Our private tour at the Israel Museum of Regional and Mediterranean Archaeology

 

From the fall of Persia to the Hellenization of Ancient Israel

Beit Shean is an ideal place to visit for those interested in exploring the changes that took places in the Levant in the centuries leading up to the birth of Christ.

Having overthrown the Persian King, Darius III, in a series of decisive battles, Alexander the Great soon took charge of the territories of the Persian Empire for his own kingdom. In 332 BCE, Alexander passed through Ancient Israel on his way to Egypt and triggered a process of ‘Hellenization’ throughout the region. Following Alexander’s death (and a few years of civil war), Alexander’s mighty empire was divided between his generals, two of which are relevant to our study of Ancient Israel. Ptolemy established rule over Egypt and Seleucus established rule over Syria and Mesopotamia. This left the region of modern-day Israel outside the clear territories of each empire and as a result each fought for control of the region, with the Ptolemies dominant here during the 3rd century BCE and the Seleucids during the 2nd century BCE. Each left their mark on this land, attempting to win over local peoples with new and modern Greek cities, culture and entertainments – the Hellenization process.

Beit Shean in all her glory!

Spanning northern Israel, Jordan and southern Syria were the cities of the Decapolis (the “ten cities”) which, despite maintaining political independence, were referred to as a single geographical unit based upon their common language and culture. Beit Shean (or Scythopolis) is easily one of the most beautiful of the cities and is the only Decapolis city west of the Jordan River.

Strolling around Beit Shean’s Amphitheatre

 

Pompey’s Plan!

After 63 BCE the northern territories of modern Israel became part of the Roman Empire under General Pompey (after whom the city of Pompey came to be named) and Beit Shean expanded from the amazing upper tel to become the mighty city whose ruins we can still stroll through today. Walking along the main cardo (the main north-south road) inspired us all with thoughts of what this great city must have been!

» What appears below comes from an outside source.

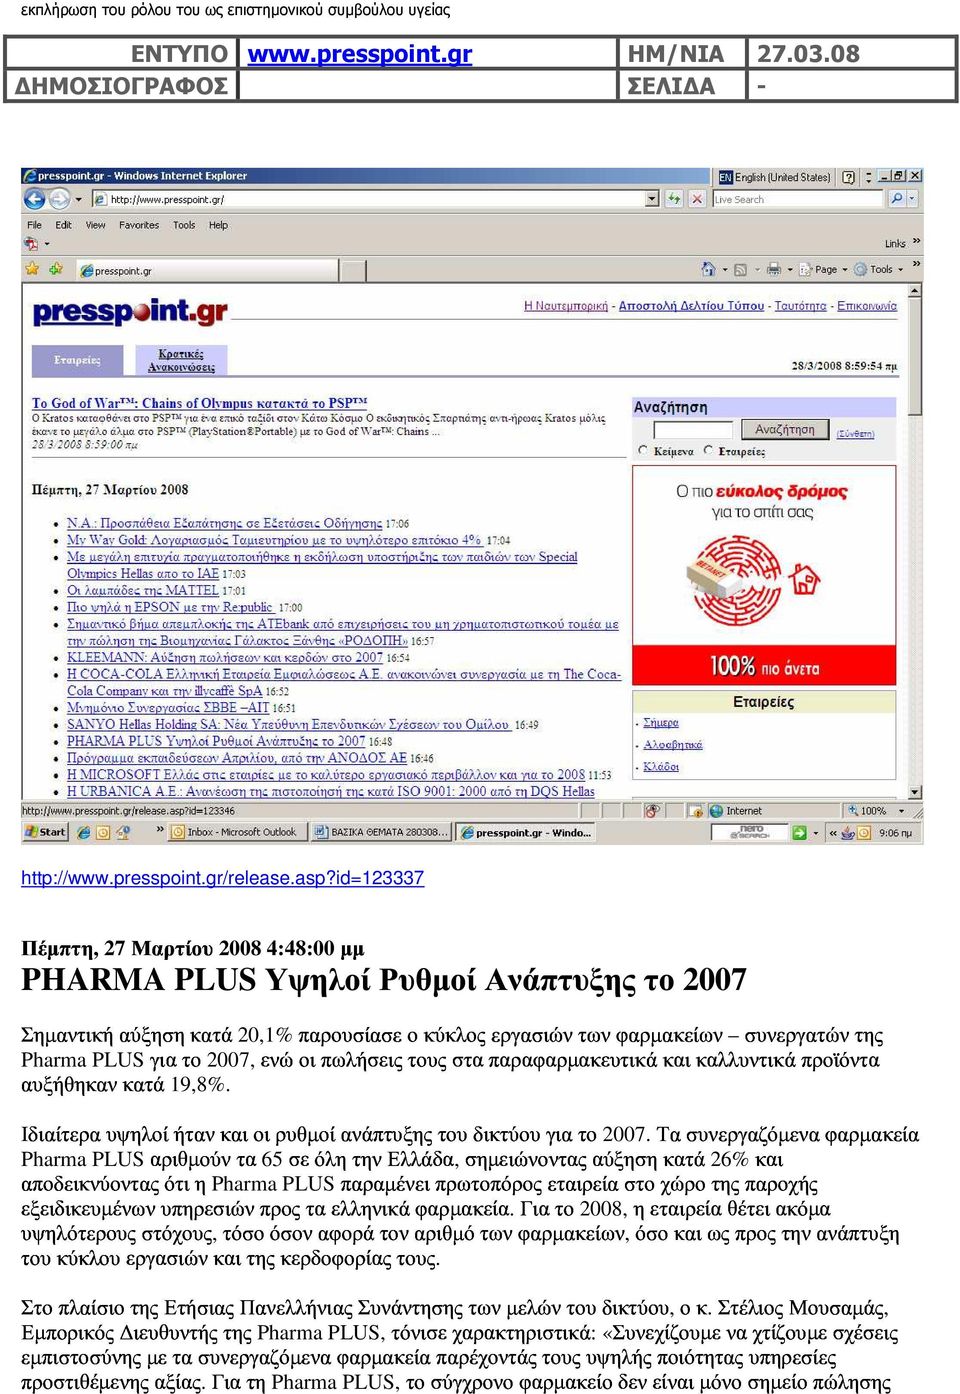 " # $ %& PHARMA PLUS 2007 ) ).# * ' )! +!,& $ 20,1% *& ' & " Pharma PLUS 2007, " &. #& 0 /" '. / & 19,8%.

The Tel Aviv class of Archaeology and History of the Land of the Bible – we’re a close group – we study together, work together, tour together and ---- together!

As our day in Israel’s own Greco-Roman paradise came to an end and the bus made back for Tel Aviv, I confess my own adventures were just beginning. While most returned to for classes, paper writing and holiday plans, I was left (voluntarily!) at the Beit Shean border, heading for five weeks of excavation and tour guiding for the Tall el-Hammam Excavation Project in Jordan, now with a little extra perspective I could bring to the remainder of the cities of the Decapolis in modern-day Jordan.